这里我只选择了在词向量训练过程中具有明显意义的词性：名词、地名、机构团体、英文、动词、形容词

# 词性
# 名词、地名、机构团体、英文、动词、形容词
my_flags = ('n', 'ns', 'nt', 'eng', 'v', 'a')

3. jieba 分词

# 获取结巴分词
# file_path：文本路径，stopwords：停用词列表，car_path：自定义语料库路径，flags：词性，corpus_path：保存路径
def get_split(filenames, stopwords, car_path, flags, corpus_path):
    split = ''

    with open(filenames, 'r', encoding='utf-8') as f:
        txt = f.read()

        # 增加专业名词
        jieba.load_userdict(car_path)
        words = [w.word for w in jp.cut(txt) if w.flag in flags and w.word not in stopwords]
        text = ' '.join(words)
        split += text

    with open(corpus_path, 'w', encoding='utf-8') as f:
        f.write(split)

这段代码中最重要的部分其实就是下面这一行：

words = [w.word for w in jp.cut(txt) if w.flag in flags and w.word not in stopwords]

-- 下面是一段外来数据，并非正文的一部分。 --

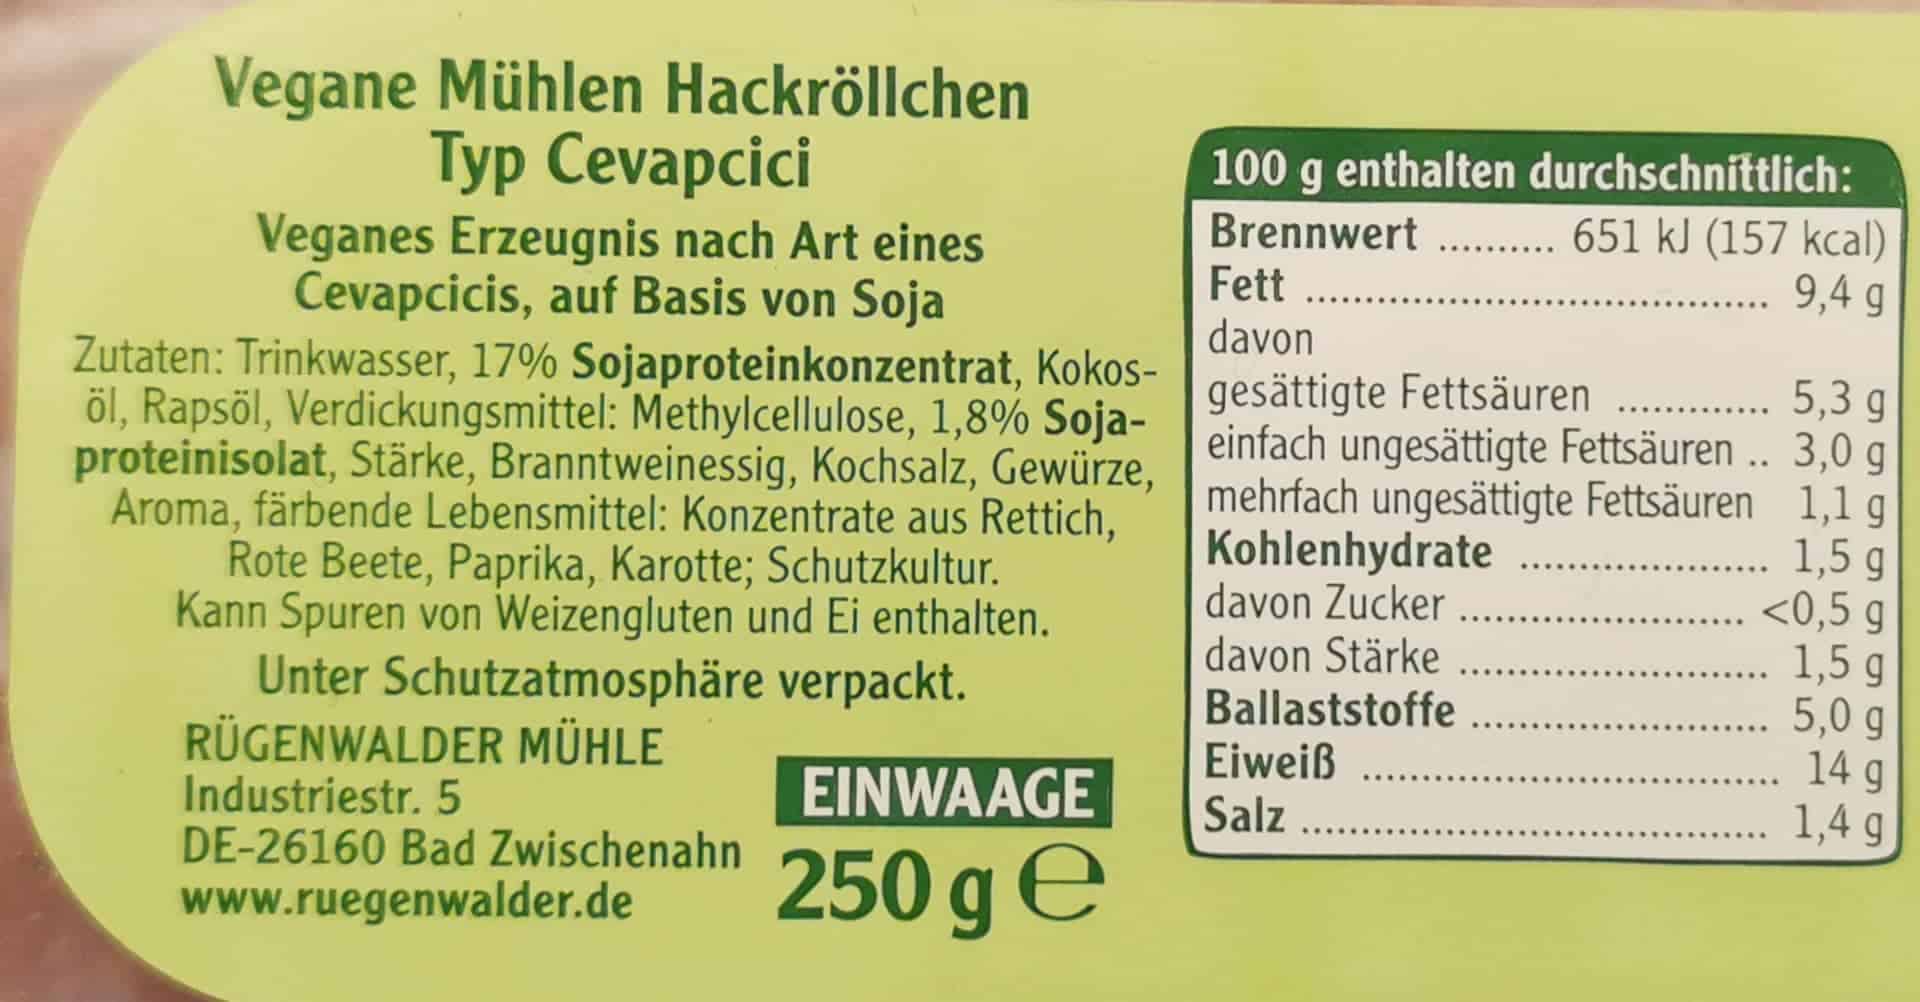 Rügenwalder Mühle: Vegane Mühlen Hackröllchen Cevapcici Inhaltsstoffe und Nährwerte

jp 来自于 import jieba.posseg as jp ，jp.cut() 的结果 w 具有两个属性：词（w.word）和词性（w.flag），这句话的含义就是：通过 jp.cut() 操作的 w ，如果其词 w.word 不在停用词 stopwords 中且词性 w.flag 在 flags 中，则将该词 w.word 保存在列表 words 中。

整体代码：split.py

import jieba
import jieba.posseg as jp


# 获取停用词
def get_stopwords(stopwords_path):
    # 停用词列表
    stopwords = []
    with open(stopwords_path, 'r', encoding='utf-8') as f:

        lines = f.readlines()
        for j in lines:
            line = j.replace('\n', '')
            stopwords.append(line)

    return stopwords


# 获取结巴分词
# file_path：文本路径，stopwords：停用词列表，car_path：自定义语料库路径，flags：词性，corpus_path：保存路径
def get_split(file_path, stopwords, car_path, flags, corpus_path):
    split = ''

    with open(file_path, 'r', encoding='utf-8') as f:
        txt = f.read()

        # 增加专业名词
        jieba.load_userdict(car_path)
        words = [w.word for w in jp.cut(txt) if w.flag in flags and w.word not in stopwords]
        text = ' '.join(words)
        split += text

    with open(corpus_path, 'w', encoding='utf-8') as f:
        f.write(split)


if __name__ == '__main__':
    # 停用词路径
    my_stopwords_path = r'../../data/jieba_data/stopwords.txt'
    # 文本路径
    my_file_path = r'../../data/result_data/mouth.txt'
    # 专业名词路径
    my_car_path = r'../../data/jieba_data/car_name.txt'
    # 语料库路径
    my_corpus_path = r'../../data/result_data/corpus.txt'

    # 词性
    # 名词、地名、机构团体、英文、动词、形容词
    my_flags = ('n', 'ns', 'nt', 'eng', 'v', 'a')

    # 获取停用词
    my_stopwords = get_stopwords(my_stopwords_path)

    # 分词
    get_split(my_file_path, my_stopwords, my_car_path, my_flags, my_corpus_path)

4. 训练 word2vec

# 训练词向量
# corpus_path：语料库路径，vector_path：词向量保存路径，model_path：模型保存路径
def train_word2vec(corpus_path, vector_path, model_path):
    # 把语料变成句子集合
    sentences = LineSentence(corpus_path)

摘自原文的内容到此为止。